Saltar al contenido
Relatos Ardientes

La noche que Valeria tuvo su primera vez

Era un martes de diciembre cuando conocí a Valeria.

Había quedado con Marcos en su departamento para organizar los detalles de la reunión de fin de año que hacíamos cada diciembre desde que éramos compañeros de facultad. Era uno de esos amigos que no necesitan verse todos los días para que la amistad siga en pie, de los que aparecen cuando hace falta y no hacen falta para desaparecer.

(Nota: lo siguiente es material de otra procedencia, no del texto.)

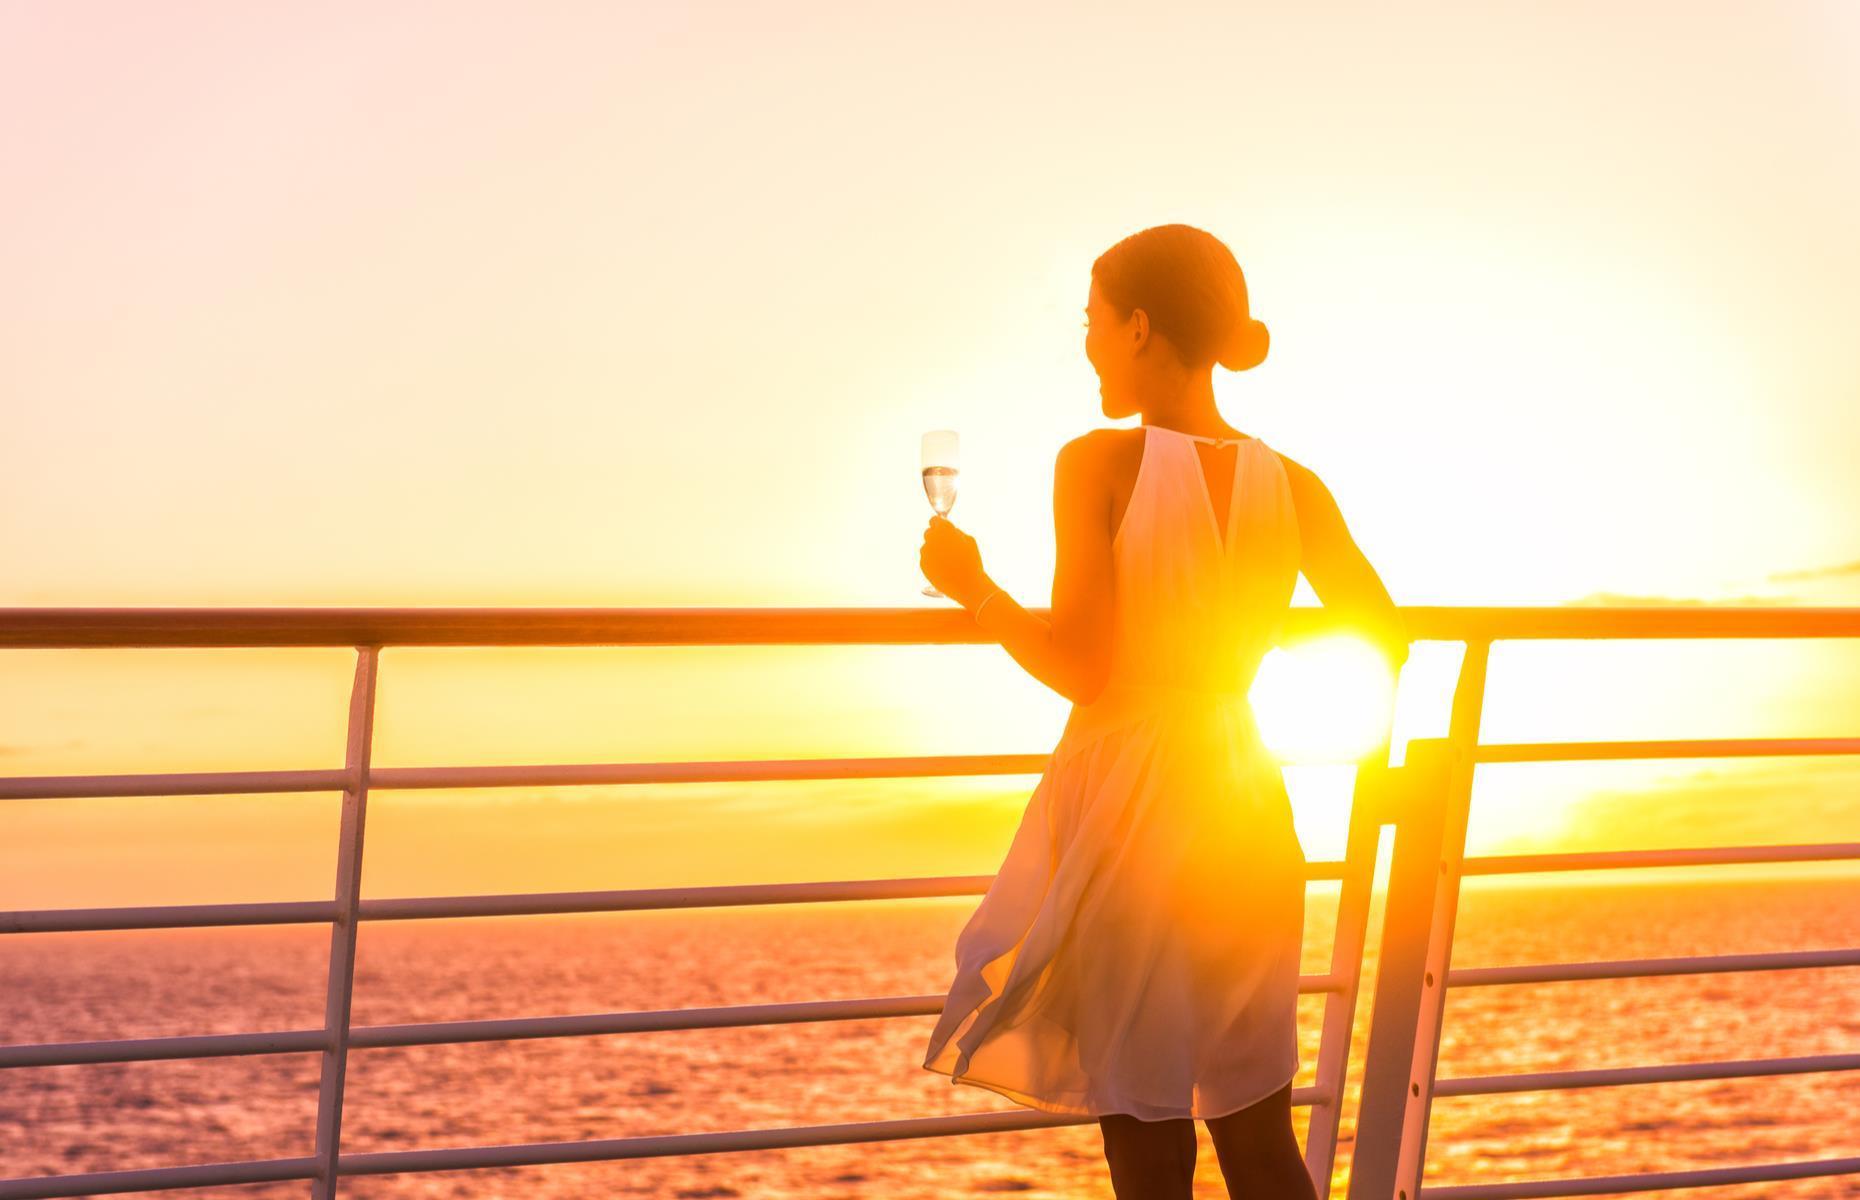 <p>Before you choose your cruise or splash out on added extras, always check what’s included as standard – you’ll often get a pleasant surprise. For example, Silversea offers one hour of free internet a day in some cabin categories, while numerous cruise lines (Viking, for one) include excursions in the base fare.</p>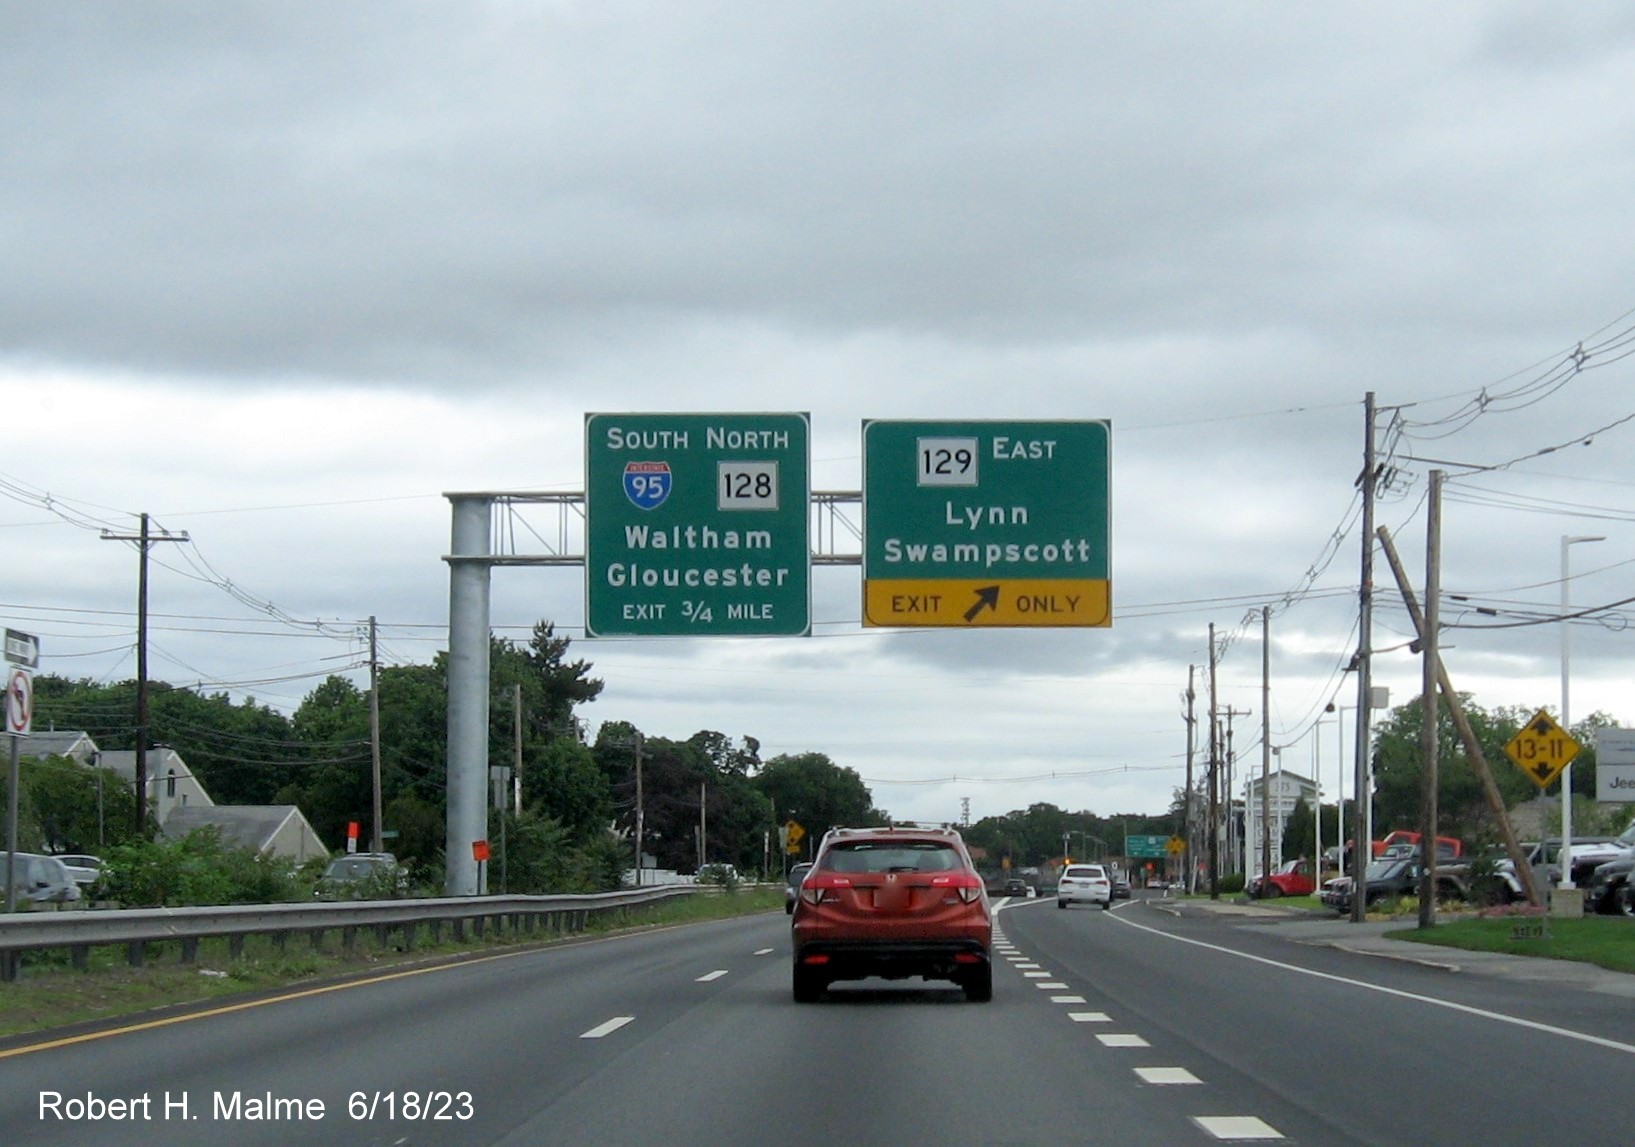 Image of newly placed 3/4 mile advance sign for South I-95/North MA 128 exits on US 1 North in Lynnfield at ramp to MA 129 East, June 2023

Llegué poco después de las siete. Toqué el timbre y la puerta la abrió ella.

Era alta, con el cabello oscuro cayéndole por los hombros y unos ojos claros que contrastaban con todo lo demás. Llevaba una camiseta sencilla y unos jeans ajustados, y me miró con esa expresión de quien no esperaba visita pero tampoco le molesta que llegue. No era la novia de Marcos, eso lo supe de inmediato. Había algo en la manera en que él la presentó, demasiado casual, como si quisiera restarle peso a la situación.

—Valeria, una compañera de la facultad —dijo él, ya de vuelta a la cocina—. Sergio, el idiota del que te hablé.

Ella me extendió la mano. Su apretón fue firme y breve. No apartó los ojos.

—Ya sé quién sos —dijo, y se acomodó de nuevo en el sillón sin explicar más.

Pasé la siguiente hora escuchando a Marcos hablar de la música para la fiesta, de cuántas personas confirmarían, de si pedíamos comida o cocinábamos algo. Pero una parte de mi atención estaba siempre donde estaba Valeria. Ella lo sabía. Cada vez que levantaba la vista del teléfono me encontraba mirándola, y en vez de incomodarse, sonreía apenas, como si todo eso fuera un juego que ya había empezado sin que yo me diera cuenta.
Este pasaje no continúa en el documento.